WORK ITEM – Starting at the line that contains "Victoria Victoria Victoria", transcribe every remaining line of the data below exactly, and omit all pictures.

SOURCE MATERIAL –
*** Begin section ***
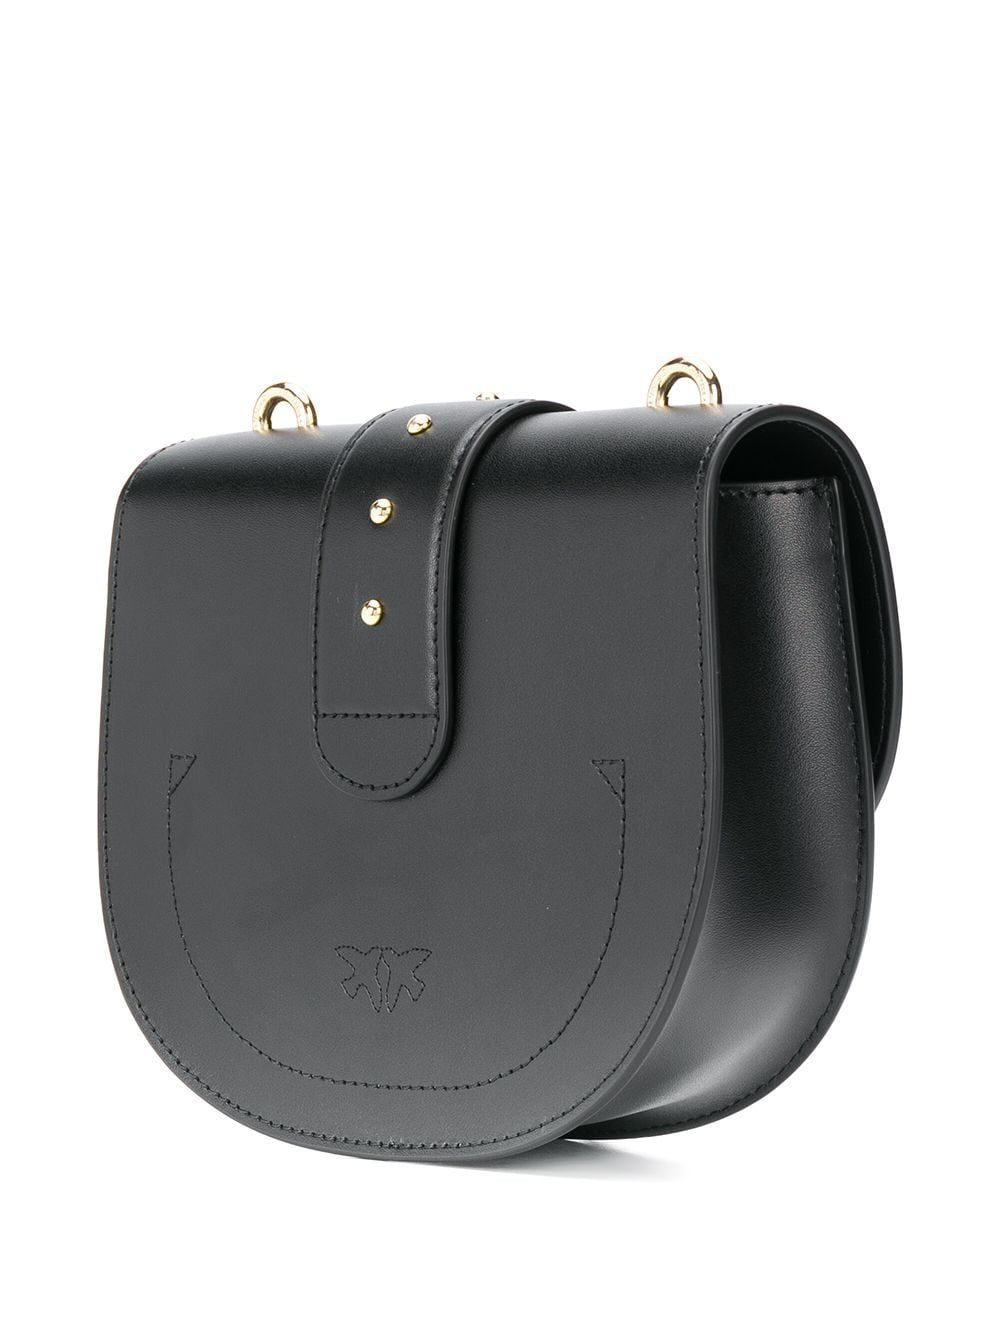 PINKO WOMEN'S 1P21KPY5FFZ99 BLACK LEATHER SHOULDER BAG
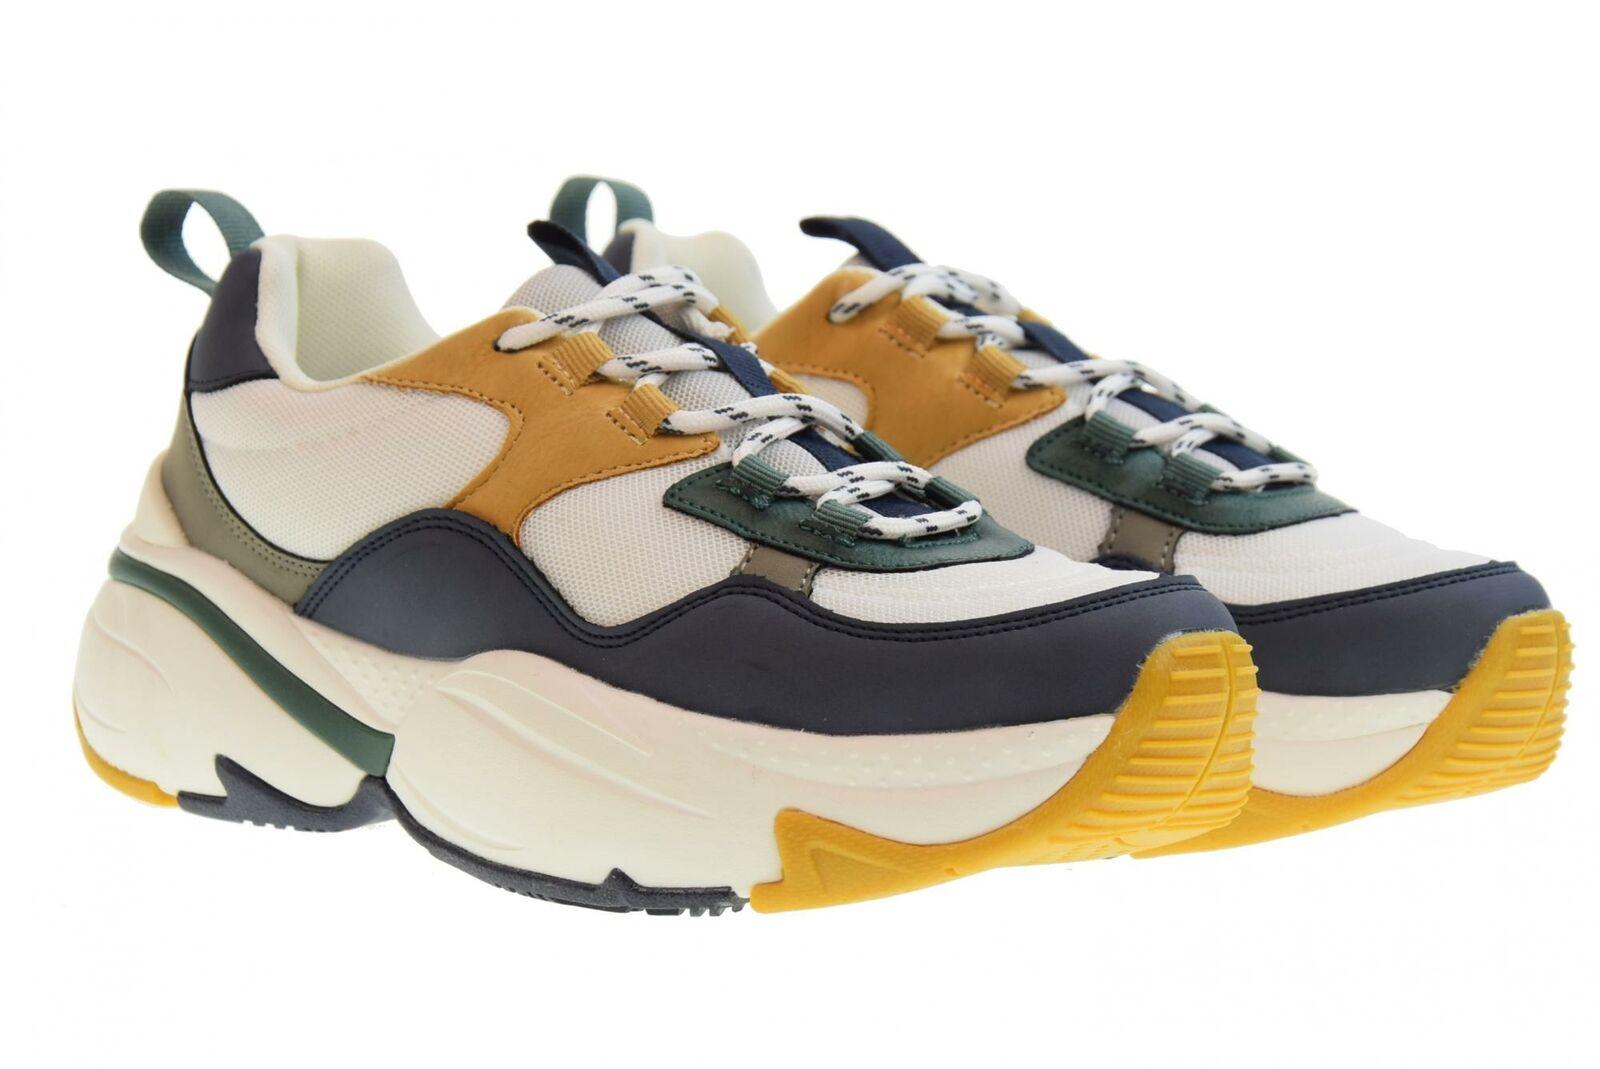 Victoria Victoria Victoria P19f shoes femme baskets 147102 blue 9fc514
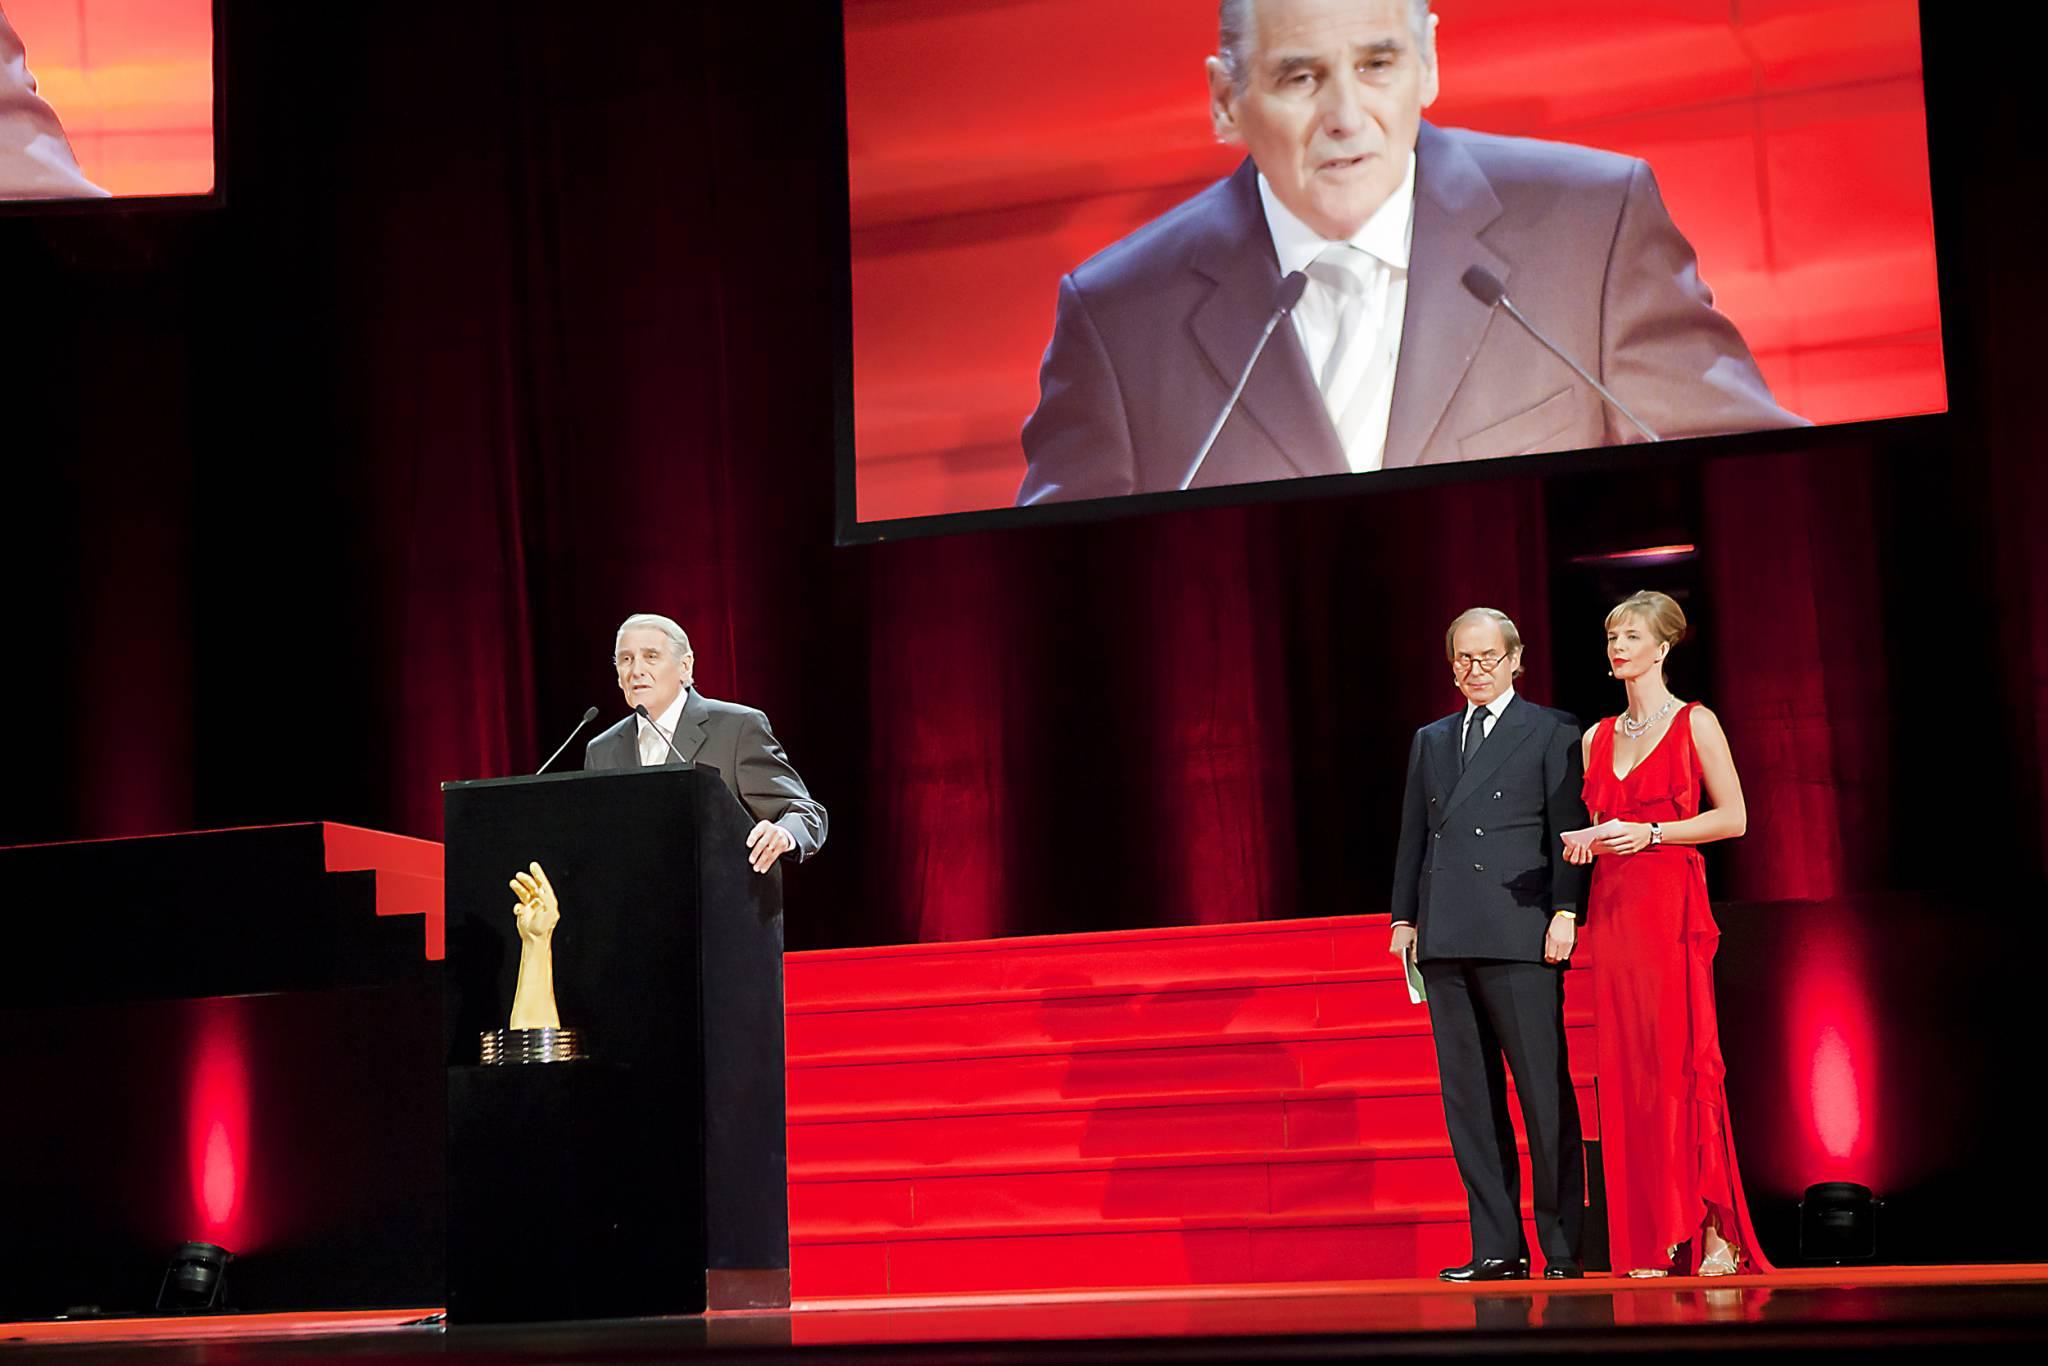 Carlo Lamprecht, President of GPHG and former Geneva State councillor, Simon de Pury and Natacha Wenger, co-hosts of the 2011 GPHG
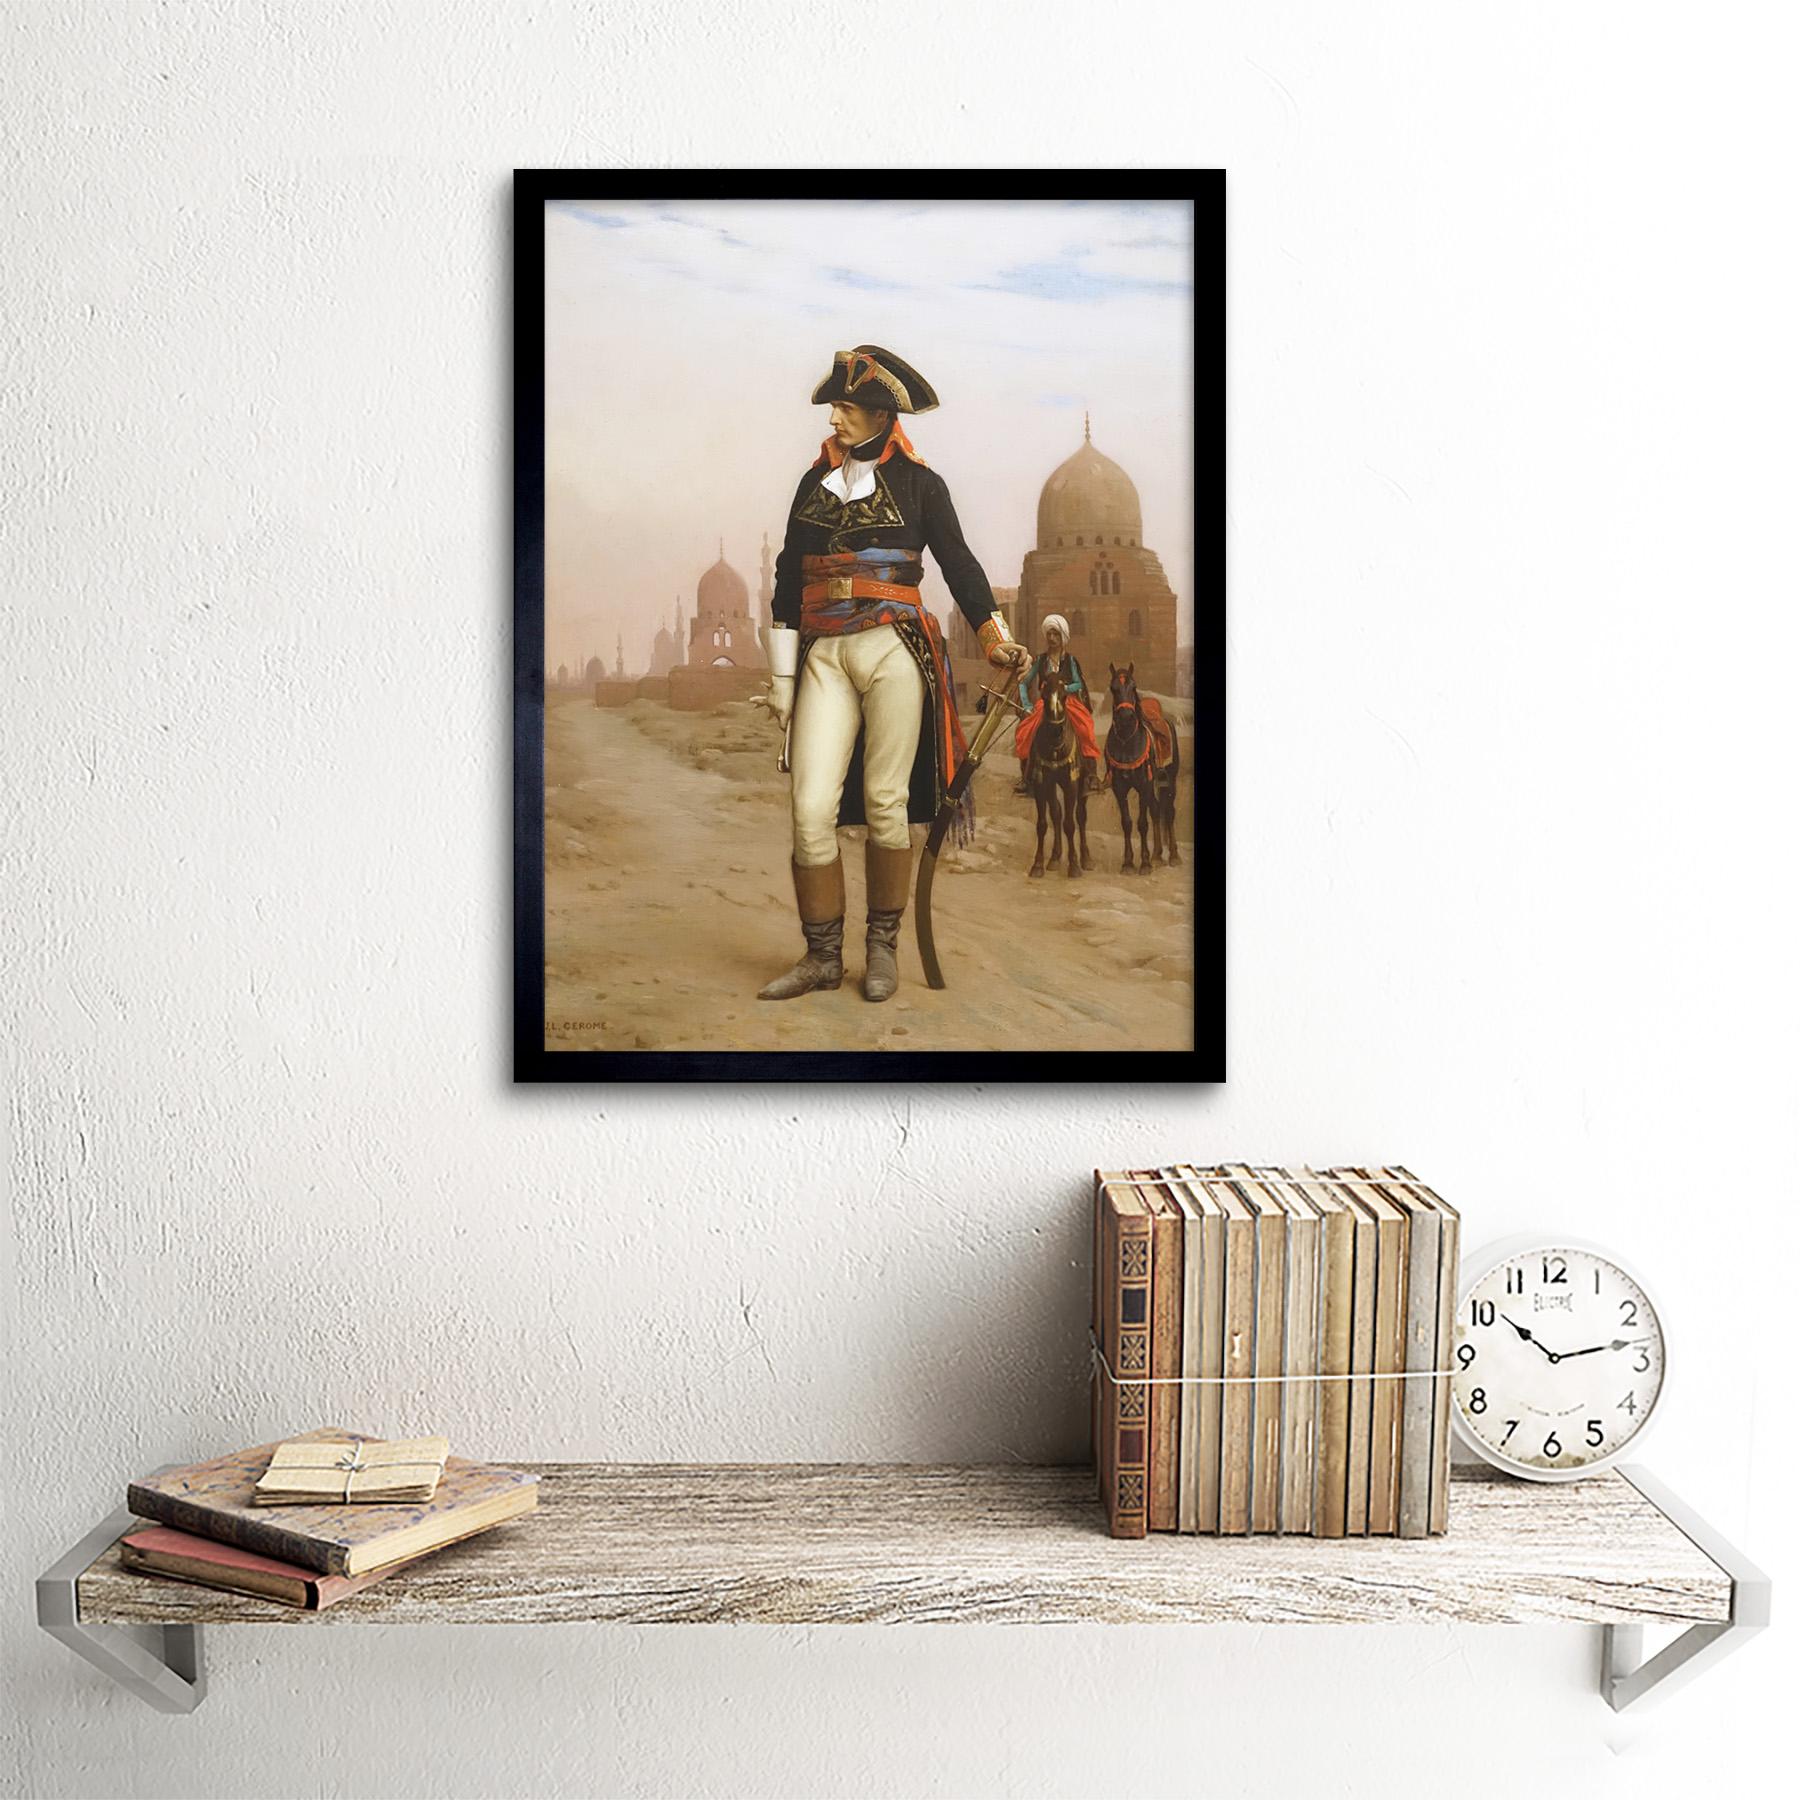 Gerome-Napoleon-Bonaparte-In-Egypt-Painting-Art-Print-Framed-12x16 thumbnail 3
*** End section ***
THE COMPLETED TASK –
 Victoria Victoria Victoria P19f shoes femme baskets 147102 blue 9fc514
 Carlo Lamprecht, President of GPHG and former Geneva State councillor, Simon de Pury and Natacha Wenger, co-hosts of the 2011 GPHG
 Gerome-Napoleon-Bonaparte-In-Egypt-Painting-Art-Print-Framed-12x16 thumbnail 3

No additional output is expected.